2.    the Warrants will constitute the legal, valid and binding obligations of the Company, enforceable against the Company in accordance with their terms, subject to applicable bankruptcy, insolvency, fraudulent conveyance, reorganization, moratorium and similar laws affecting creditors’ rights and remedies generally, and subject, as to enforceability, to general principles of equity, including principles of commercial reasonableness, good faith and fair dealing (regardless of whether enforcement is sought in a proceeding at law or in equity);

3.    the Warrant Shares, when issued upon exercise of the Warrants in accordance with the terms thereof, will be duly authorized, validly issued, fully paid and non-assessable; and

4.    the Conversion Shares, when issued upon conversion of the Series A Preferred Stock in accordance with the terms thereof, will be duly authorized, validly issued, fully paid and non-assessable.
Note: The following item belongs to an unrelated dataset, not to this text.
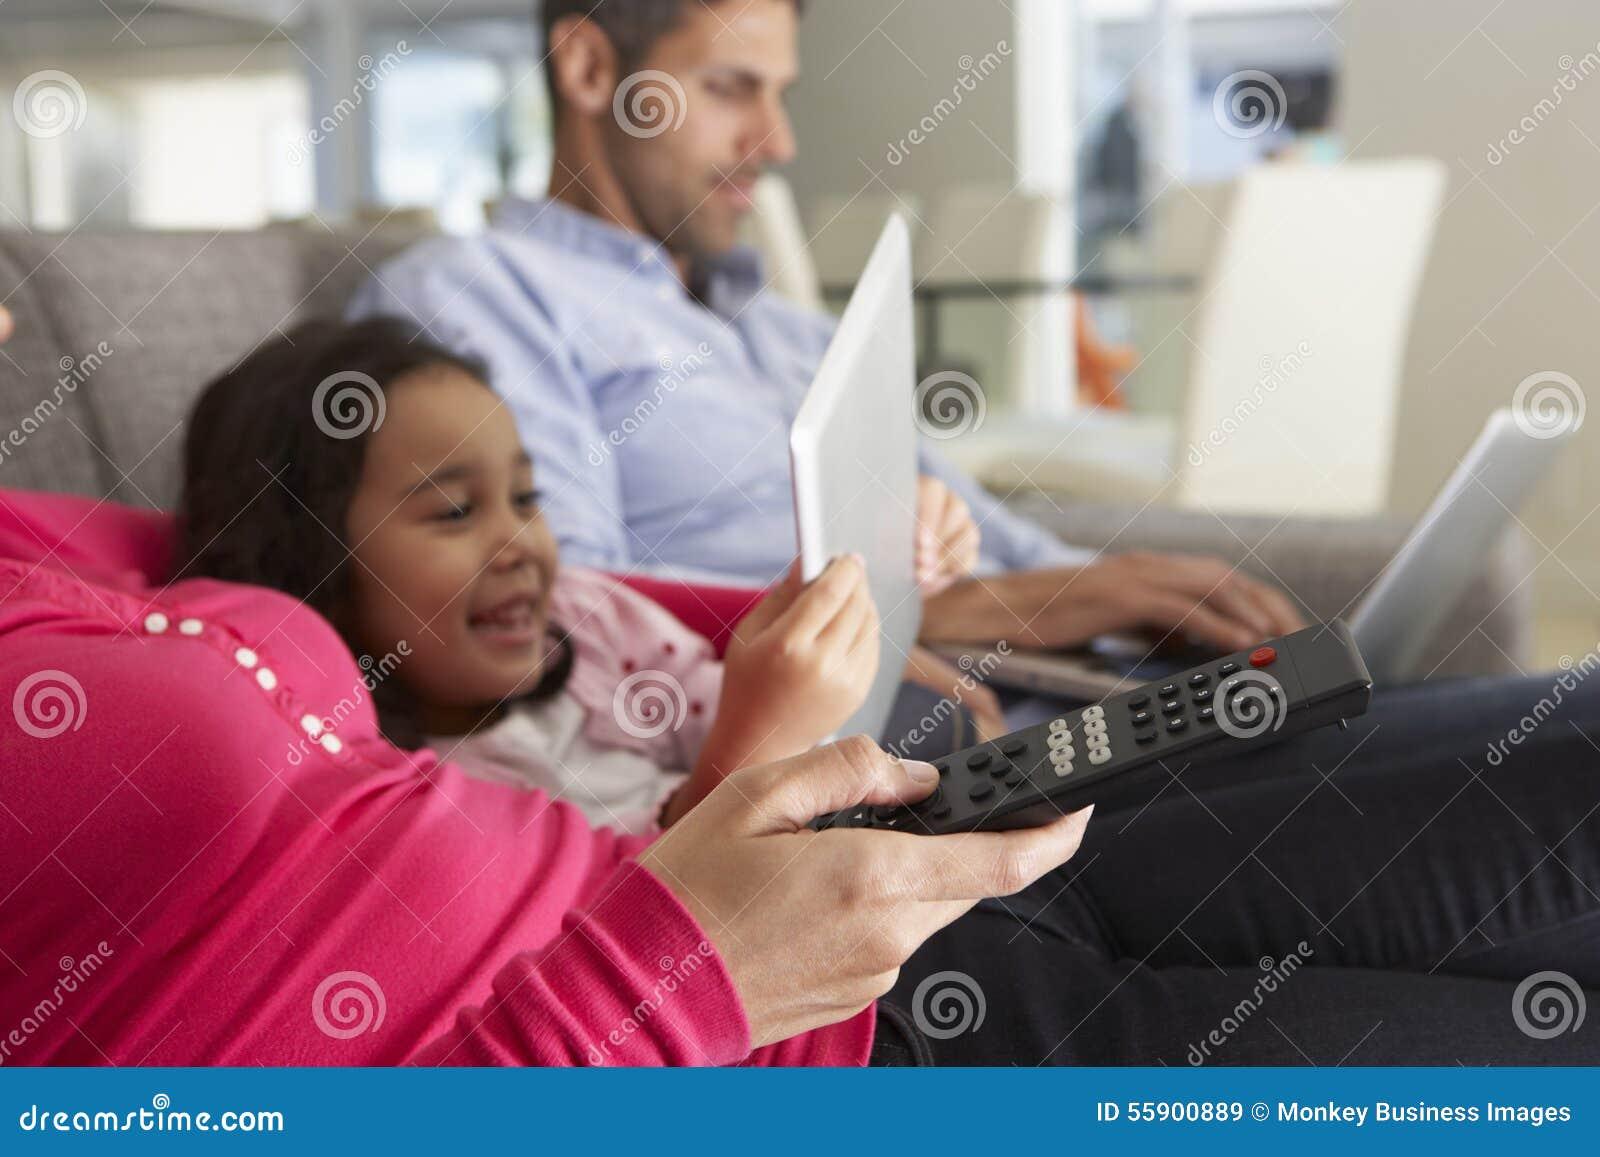 Famille sur la Tablette de Sofa With Laptop And Digital regardant la TV

The opinions expressed herein are limited in all respects to the federal laws of the United States of America, the laws of the State of New York and the Delaware General Corporation Law, and no opinion is expressed with respect to the laws of any other jurisdiction or any effect that such laws may have on the opinions expressed herein. This opinion is limited to the matters stated herein, and no opinion is implied or may be inferred beyond the matters expressly stated herein.

The opinions expressed herein are given as of the date hereof, and we assume no obligation to advise you after the date hereof of facts or circumstances that come to our attention or changes in law that occur, which could affect the opinions expressed herein. This opinion letter is being rendered solely for the benefit of the Company in connection with the matters addressed herein.

We consent to the filing of this opinion letter as an exhibit to the Registration Statement and to the reference to us under the caption “Legal Matters” in the prospectus that forms a part thereof. In giving such consent, we do not admit that we are in the category of persons whose consent is required under Section 7 of the Securities Act.